Baidu's web spider ignores robots.txt
(at least sometimes)
On my personal site I've had an entry in my
robots.txt
to totally disallow Baidu's web spider for a long time,
for various reasons (including that it doesn't respect nofollow
). Recently I was looking at my logs for another
reason, and, well, imagine my surprise when I saw requests from
something with a user-agent of Baiduspider/2.0
. Further investigation
showed that this has been going on for several months, although the
request volume was not high. Worse, not only is Baidu's spider crawling
when it shouldn't be, it seems to be not requesting robots.txt
more
than very occasionally (and it usually requests robots.txt
with a
blandly non-robot user-agent, or at least I assume that the fetches of
robots.txt
from Baidu's IP address range are from their robot).

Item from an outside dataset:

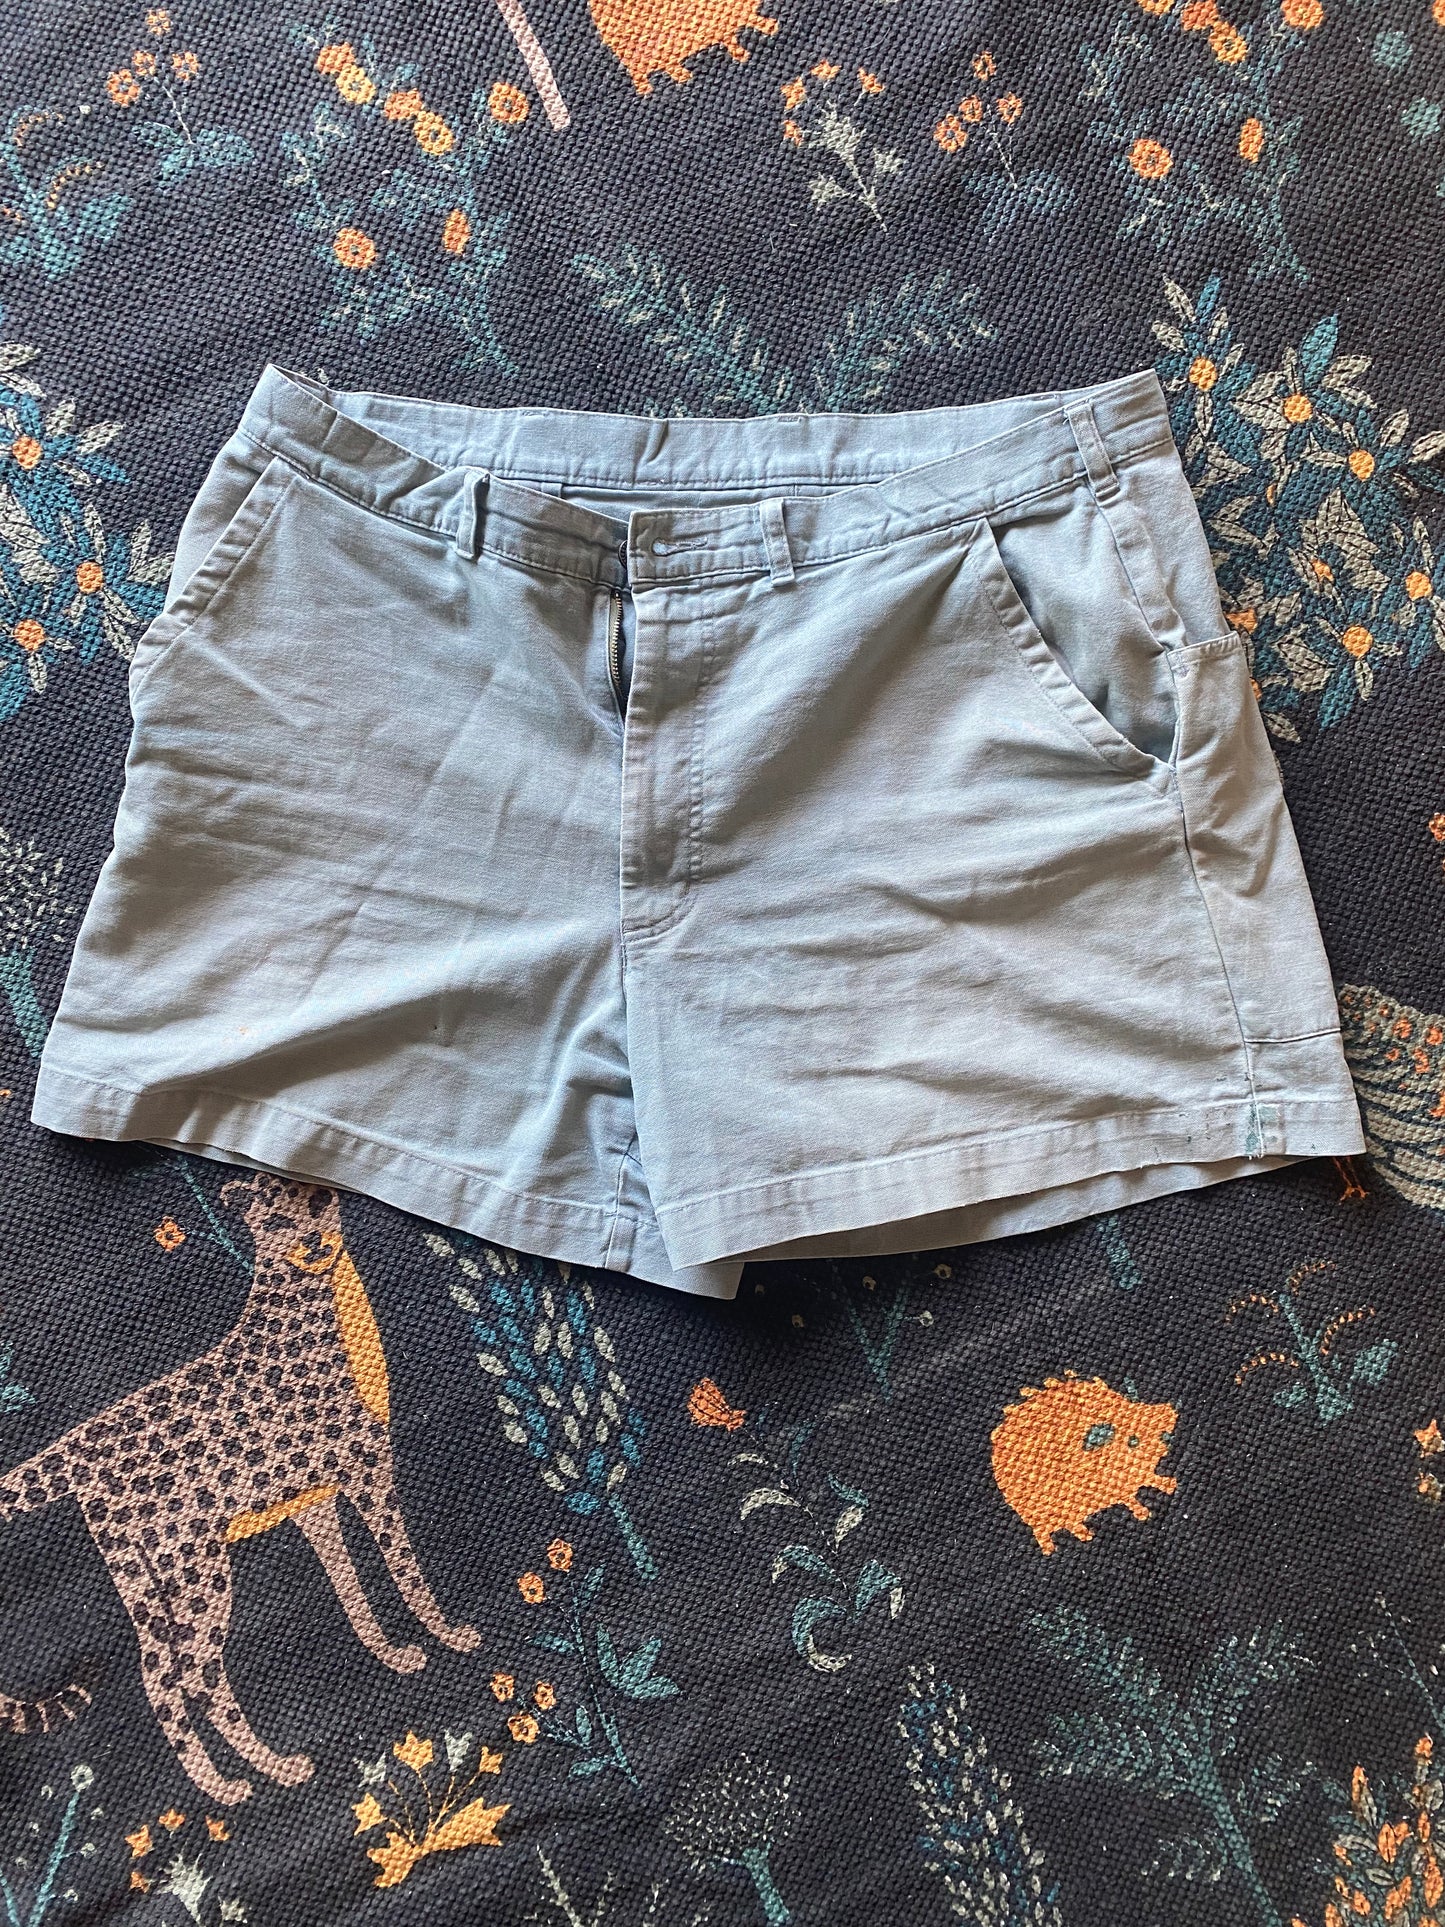 Patagonia Sage Green Stand Up Shorts - Brimm Archive Wardrobe Research

All of this seems to have started when I switched my personal site to
all-HTTPS, but that's not an excuse for Baidu
(or anyone else). Yes, there are redirections from the HTTP version
involved, but things still work (and I actually wound up making an
exemption for _robots.txt). The plain
fact is that Baidu is flagrantly ignoring robots.txt
and not even
fetching it.
I don't tolerate this sort of web spider behavior. As a result, on my personal site Baidu is now blocked at the web server level (based on both IP address and user-agent) and I've just added similar blocks for it here on Wandering Thoughts. I'm aware that Baidu doesn't care about a piddly little site like me blocking them but I do, so I'm doing this no matter how quixotic it feels like.
(I'm writing this entry about the situation because Baidu's behavior makes me genuinely angry (for a small amount of anger). And bad behavior by a major search engine should be called out.)
|
|